Write out the data below in full, unchanged, minus the images.

#### Data
·····
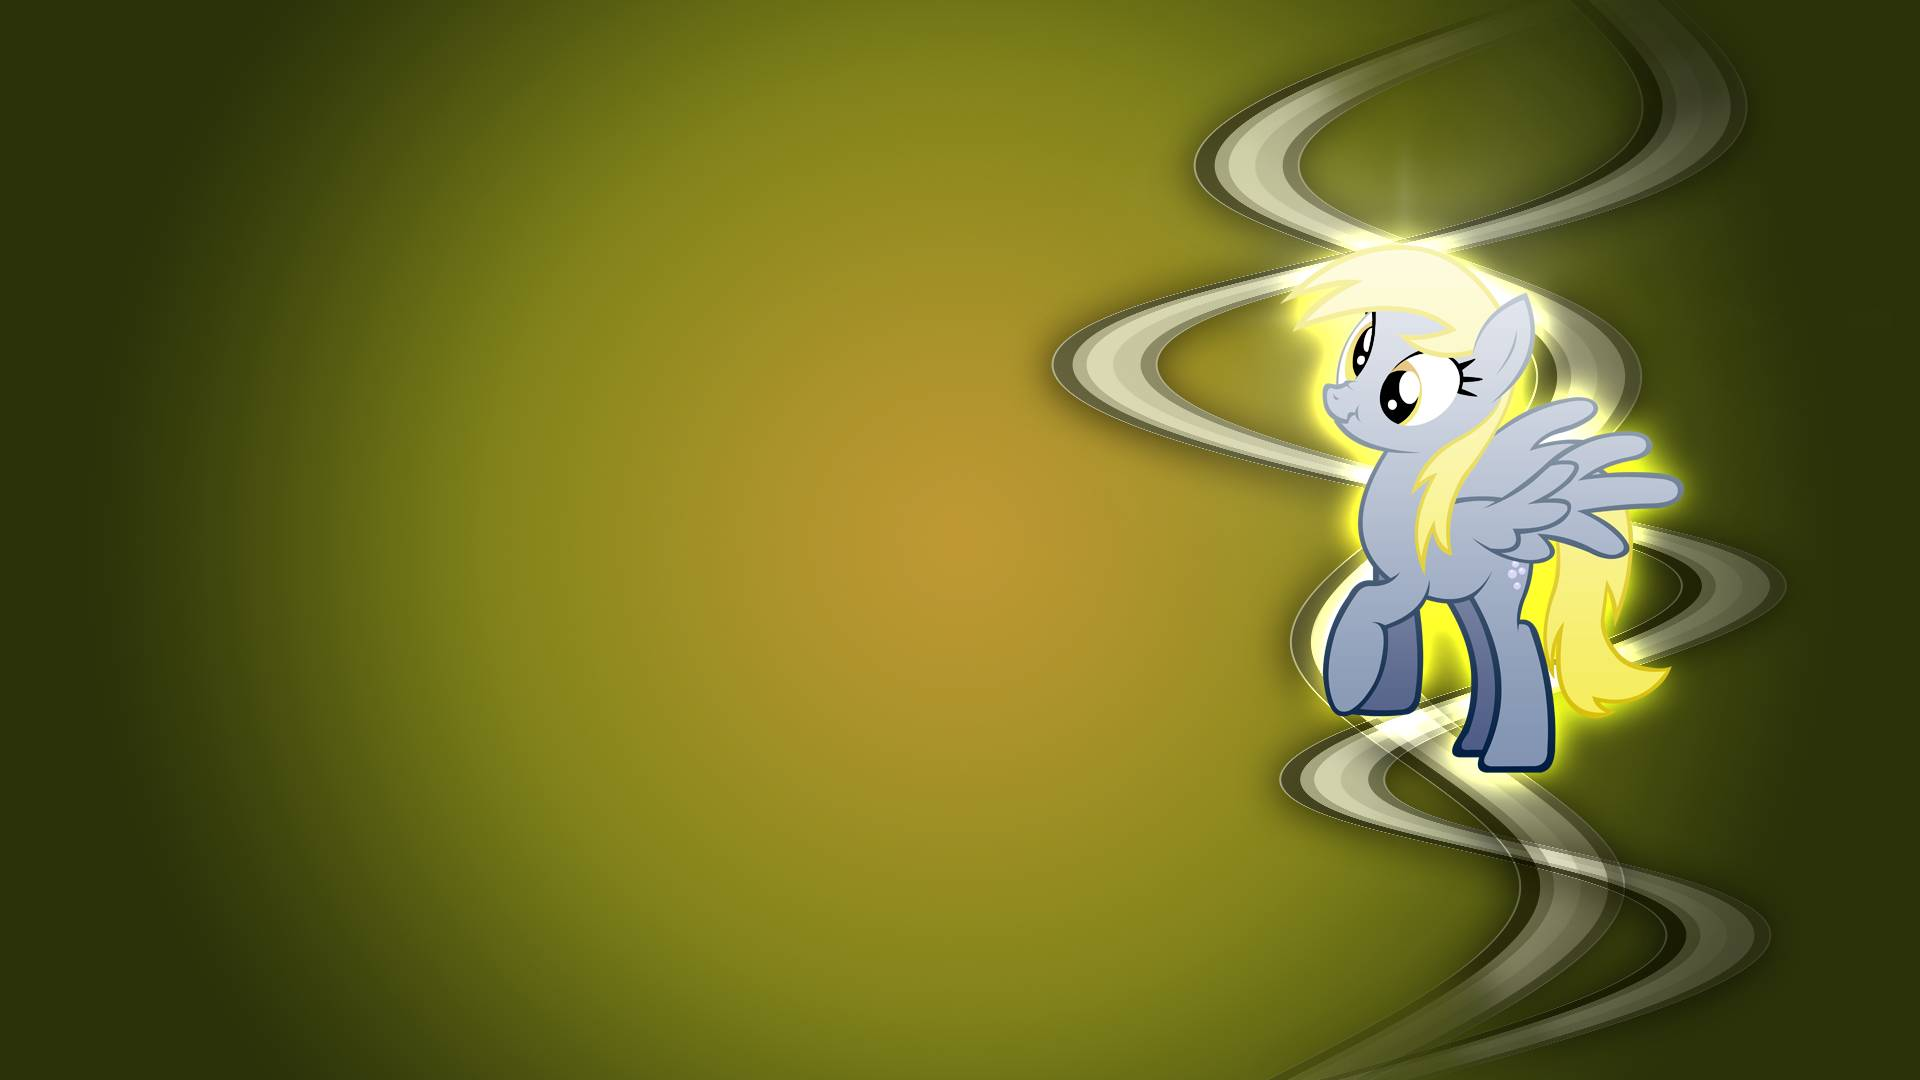 Derpy Wallpapur   My Little Pony Friendship is Magic Wallpaper 1920x1080
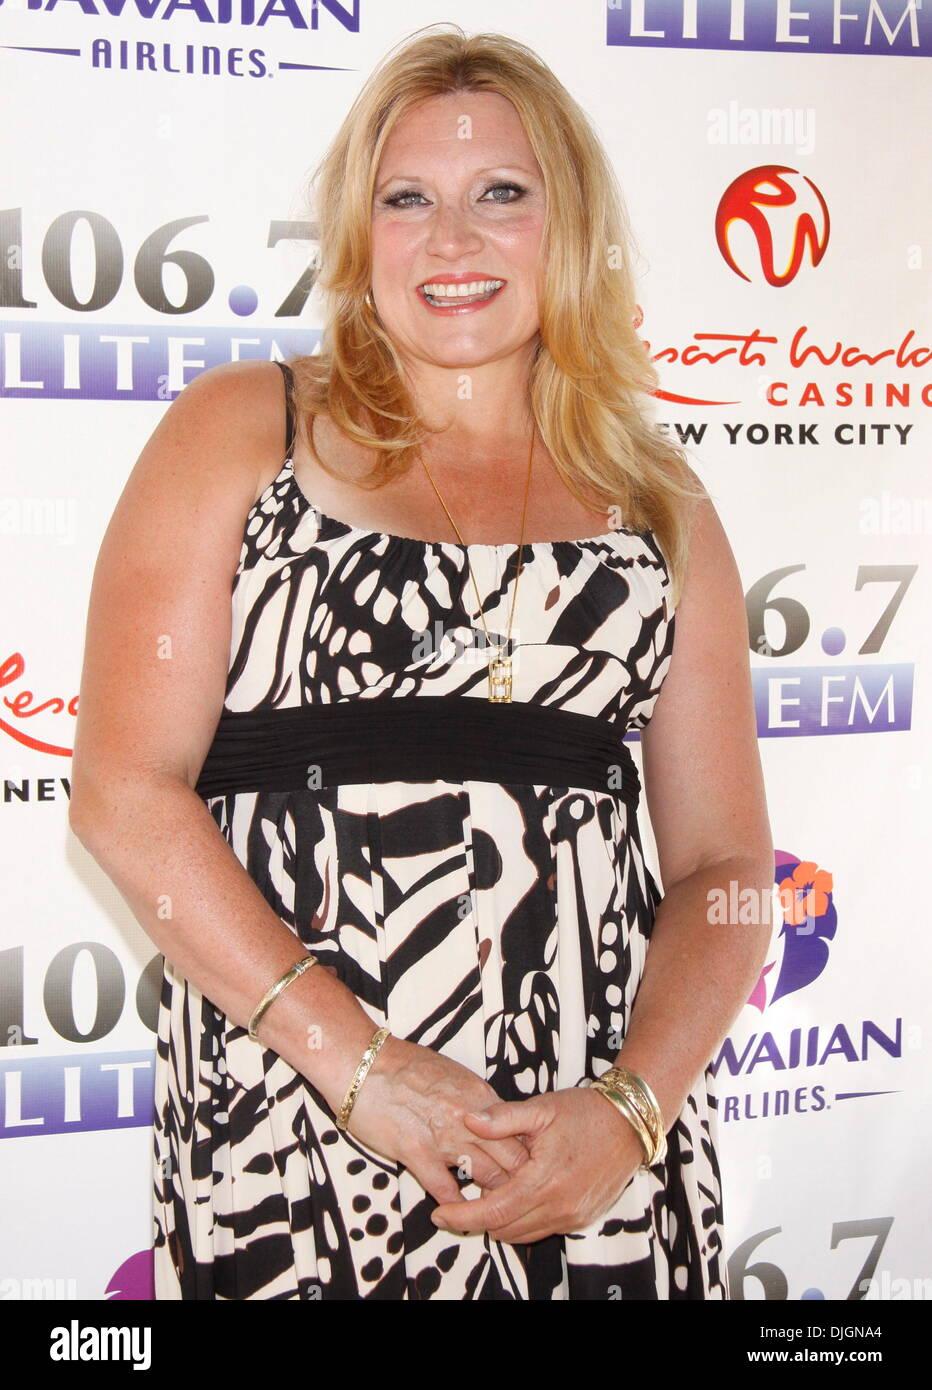 Remarkable Radio Personality Delilah Rene Luke 106 7 Lite Fm39S Broadway In Easy Diy Christmas Decorations Tissureus
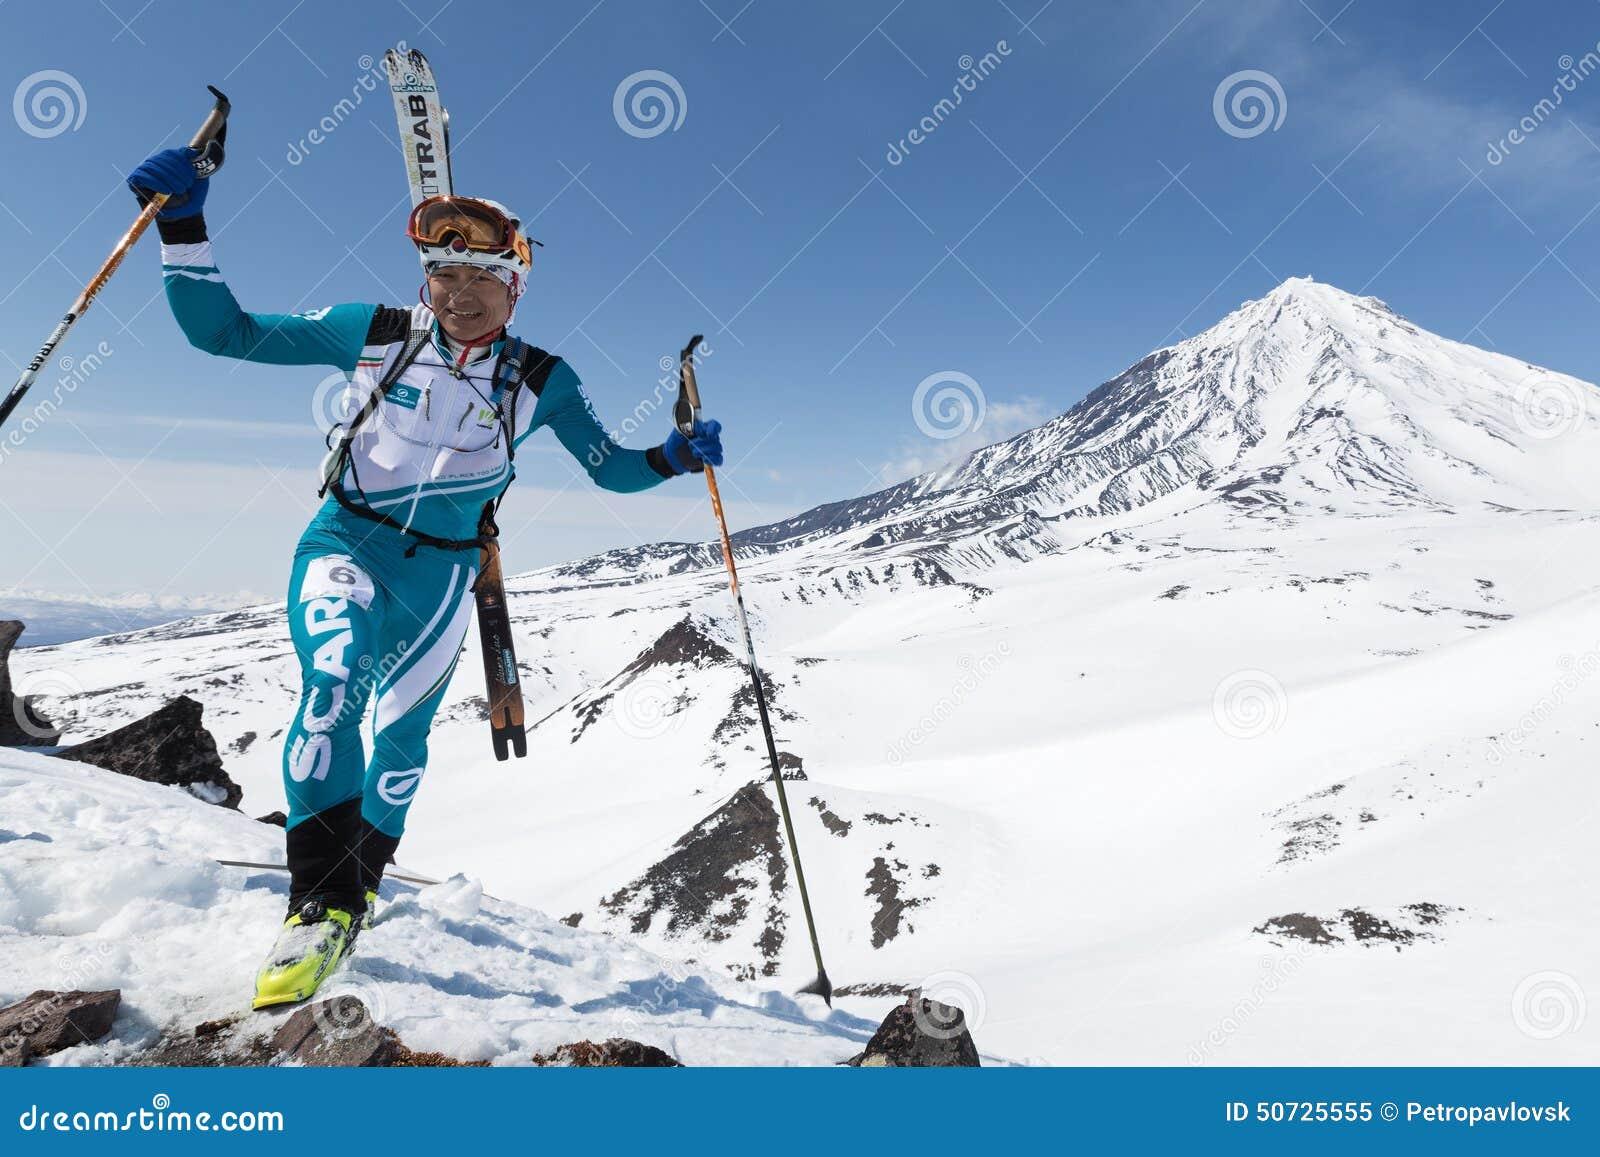 Ski Mountaineering Championships: Ski Mountaineer Climb To ...
·····
#### Result of this task
 Derpy Wallpapur   My Little Pony Friendship is Magic Wallpaper 1920x1080
 Remarkable Radio Personality Delilah Rene Luke 106 7 Lite Fm39S Broadway In Easy Diy Christmas Decorations Tissureus
 Ski Mountaineering Championships: Ski Mountaineer Climb To ...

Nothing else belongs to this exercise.